**Description of the task**
Data follows below. Repeat exactly the lines between the line holding "Steve Raizen on" and the line holding "Buy Tanming Women's", inclusive, and nothing more; drop pictures.

**Task data**
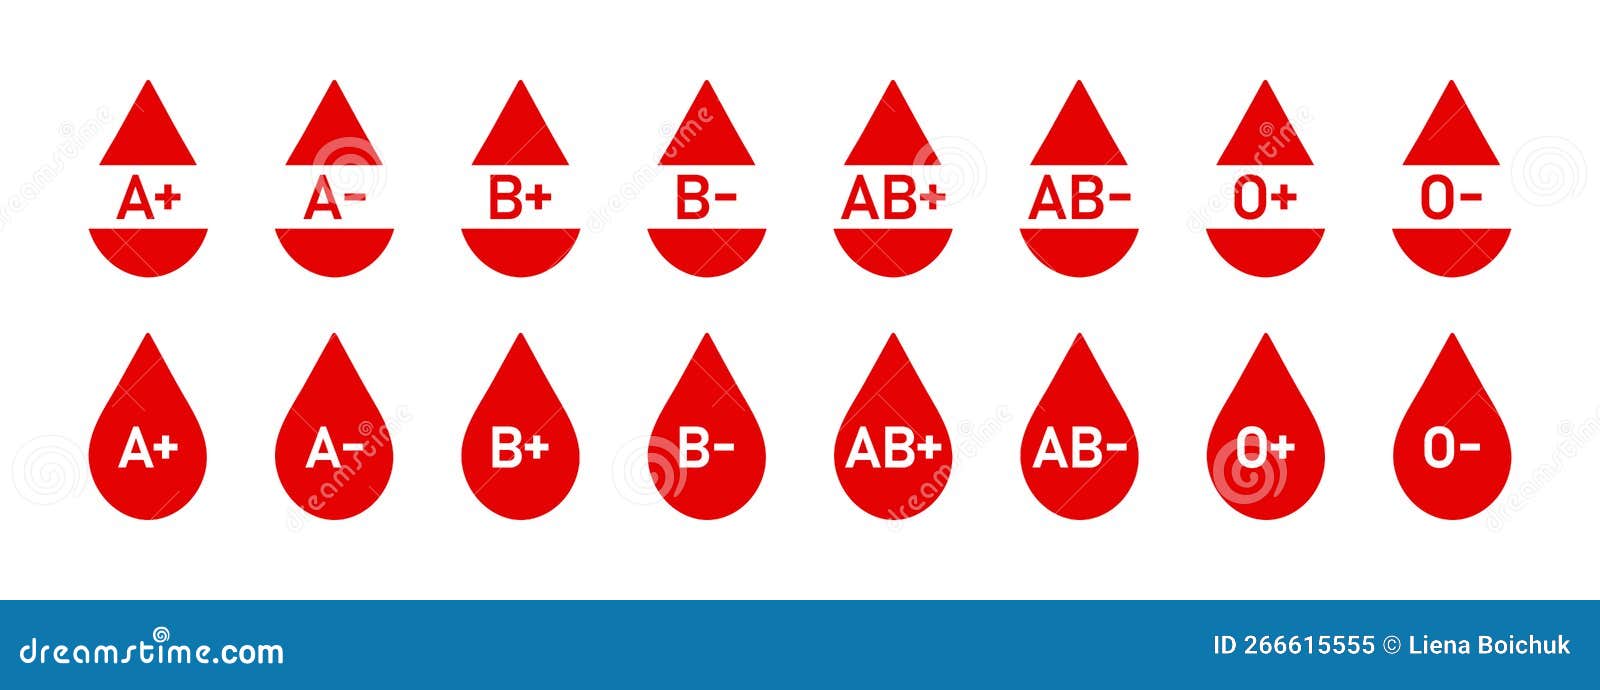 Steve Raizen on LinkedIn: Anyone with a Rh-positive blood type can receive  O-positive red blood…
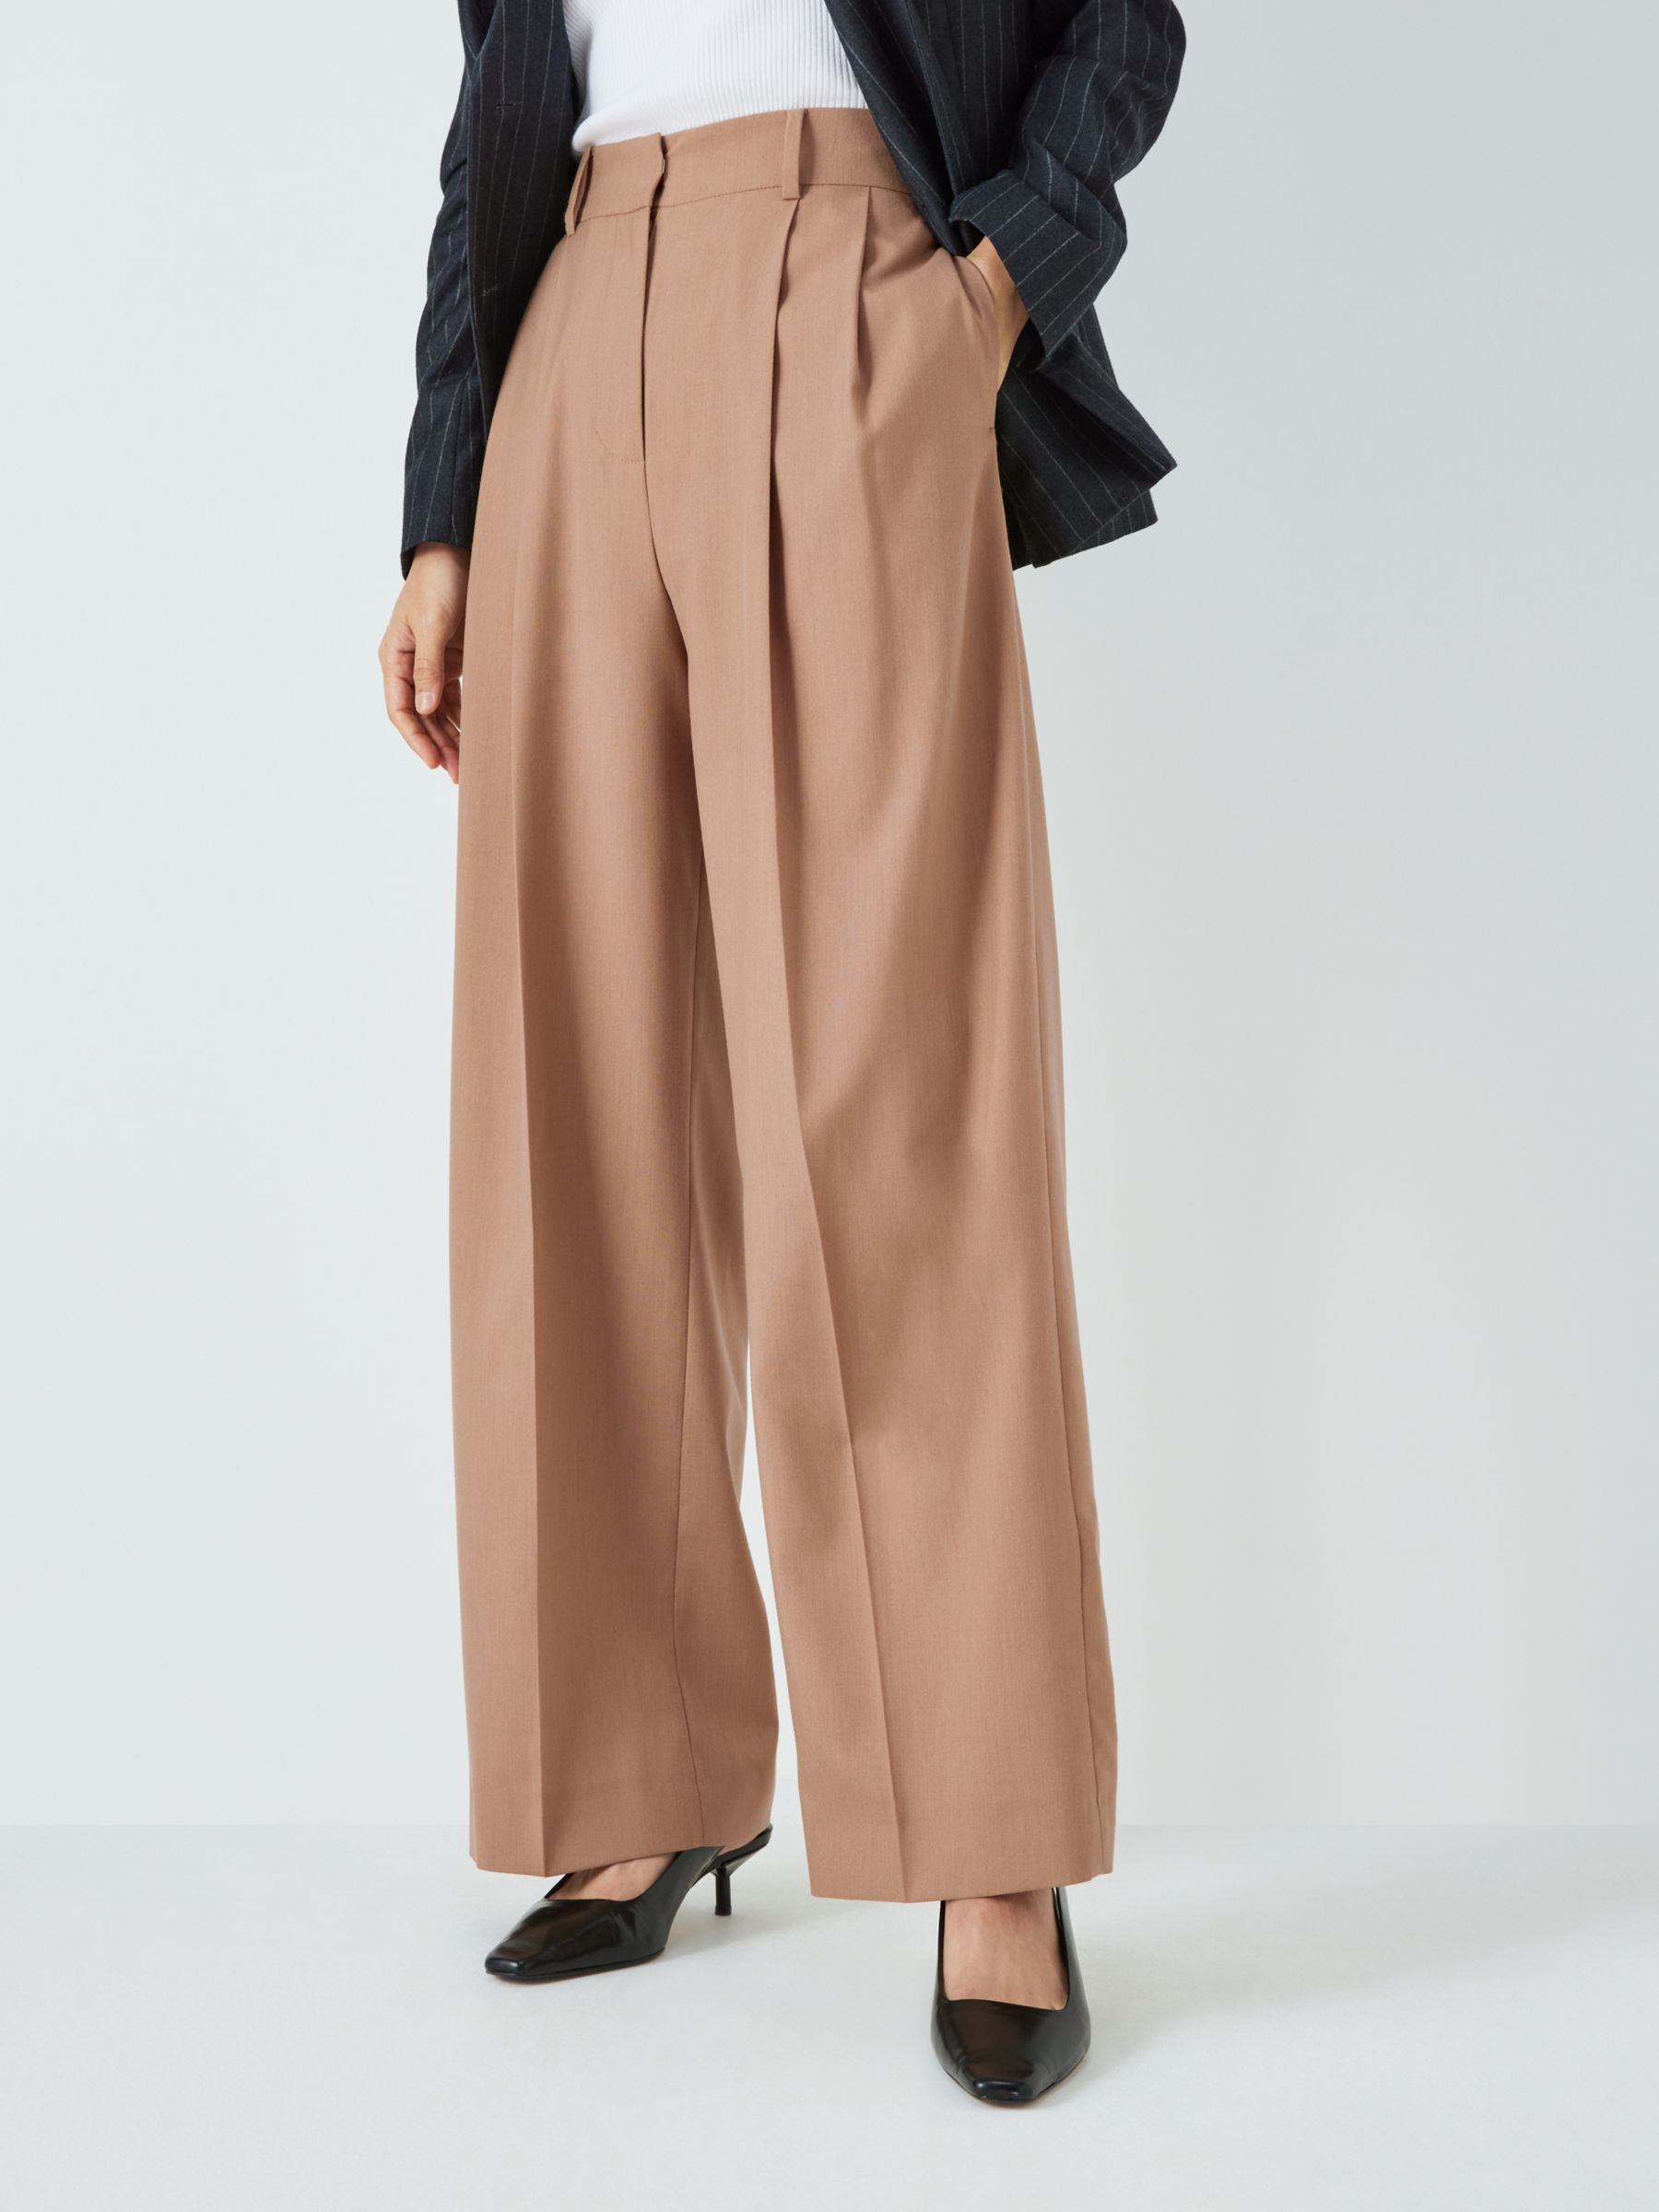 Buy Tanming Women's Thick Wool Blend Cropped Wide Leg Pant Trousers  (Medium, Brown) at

---

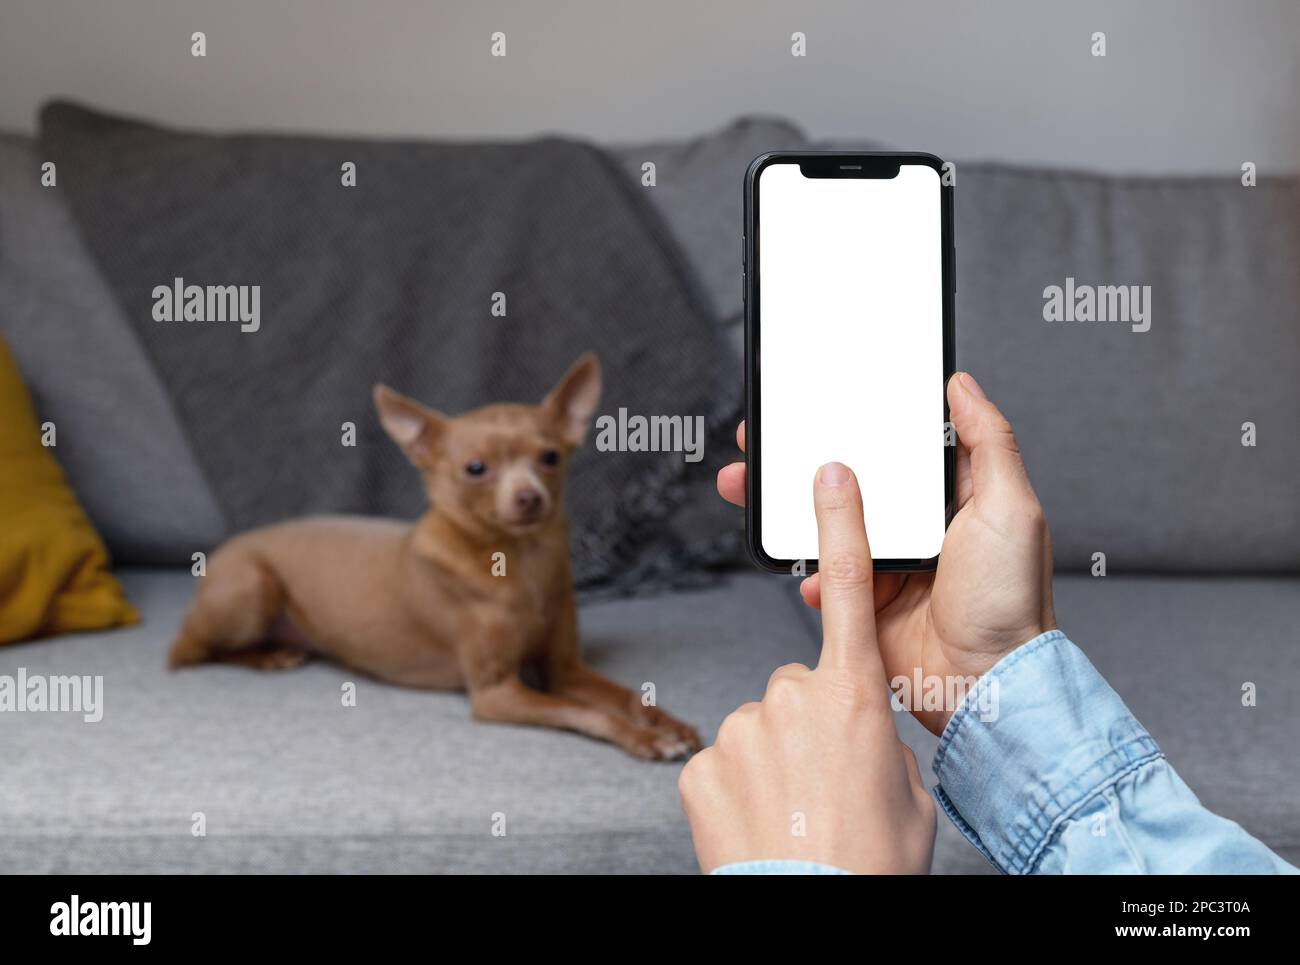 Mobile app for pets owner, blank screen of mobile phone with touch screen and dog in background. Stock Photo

**Exercise response**
 Steve Raizen on LinkedIn: Anyone with a Rh-positive blood type can receive  O-positive red blood…
 Buy Tanming Women's Thick Wool Blend Cropped Wide Leg Pant Trousers  (Medium, Brown) at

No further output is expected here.